Re: NoSuchKey on key that is visible in s3 list/radosgw bk

[Date Prev][Date Next][Thread Prev][Thread Next][Date Index][Thread Index]

 



I found some of the data in the rados ls dump. We host some WARCs from the Internet Archive and one affected WARC still has its warc.os.cdx.gz file intact, while the actual warc.gz is gone.

A rados stat revealed

WIDE-20110903143858-01166.warc.os.cdx.gz mtime 2019-07-14T17:48:39.000000+0200, size 1060428

for the cdx.gz file, but

WIDE-20110903143858-01166.warc.gz mtime 2019-07-14T17:04:49.000000+0200, size 0

for the warc.gz.

I couldn't find any of the suffixed multipart objects listed in radosgw-admin stat.

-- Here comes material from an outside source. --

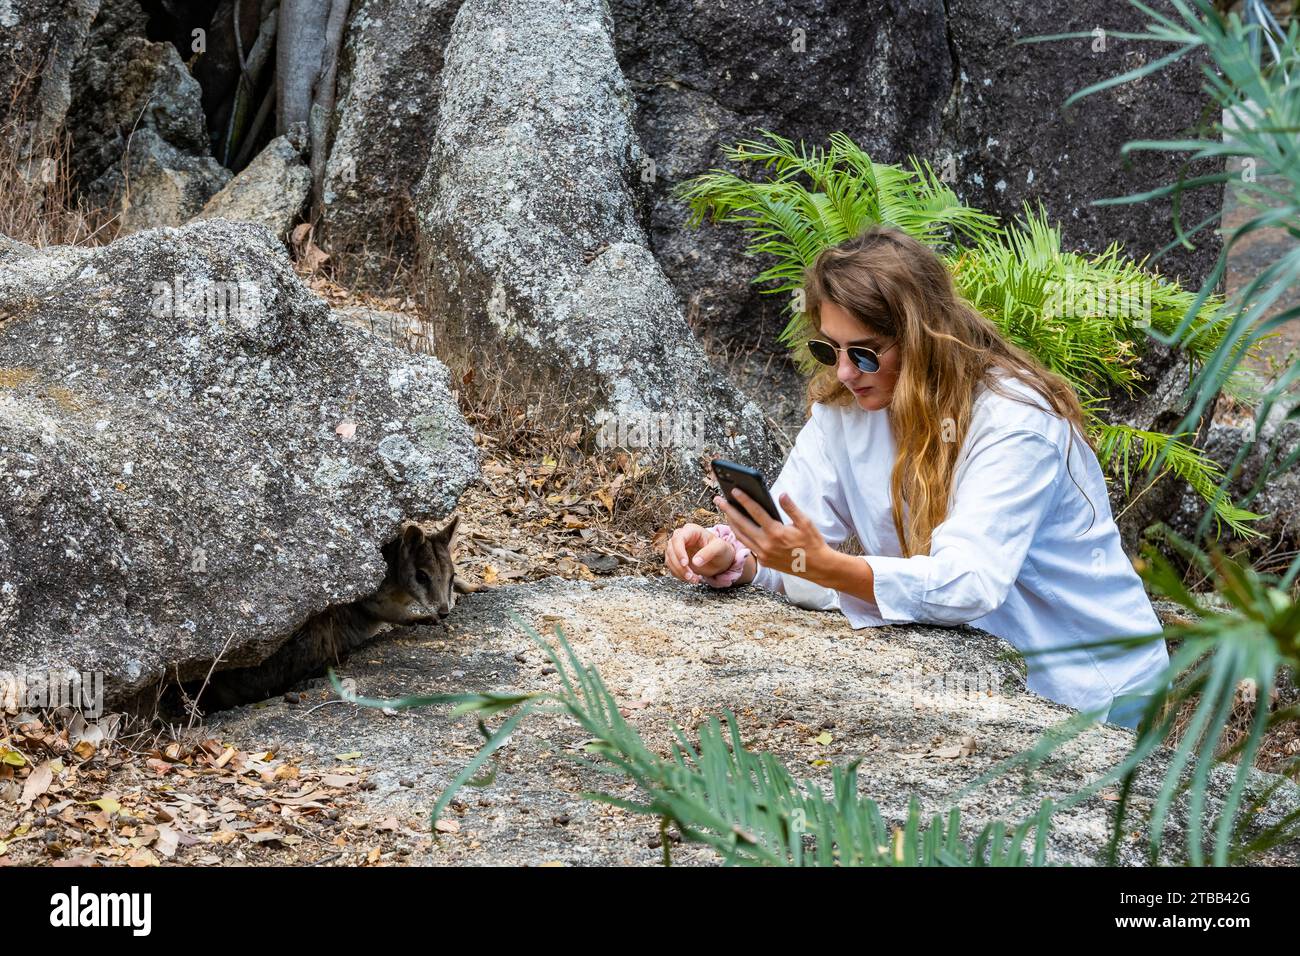 Eine junge Frau macht Handyfotos von einem Mareeba Rock Wallaby (Petrogale mareeba) in einem Naturschutzgebiet. Australien. Stockfoto

WIDE-20110903143858-01166.warc.gz.2~m5Y42lPMIeis5qgJAZJfuNnzOKd7lme.19: (2) No such file or directory


On 10/11/2020 10:14, Janek Bevendorff wrote:
Thanks for the reply. This issue seems to be VERY serious. New objects are disappearing every day. This is a silent, creeping data loss.

I couldn't find the object with rados stat, but I am now listing all the objects and will grep the dump to see if there is anything left.

Janek

On 09/11/2020 23:31, Rafael Lopez wrote:
Hi Mariusz, all

We have seen this issue as well, on redhat ceph 4 (I have an unresolved case open). In our case, `radosgw-admin stat` is not a sufficient check to guarantee that there are rados objects. You have to do a `rados stat` to know that.

In your case, the object is ~48M in size, appears to also use S3 multipart. This means, when uploaded, S3 will slice it up into parts based on what S3 multipart size you use (5M default, i think 8M here). After that, rados further slices any incoming (multipart size objects) into rados object objects of 4Mib size (default).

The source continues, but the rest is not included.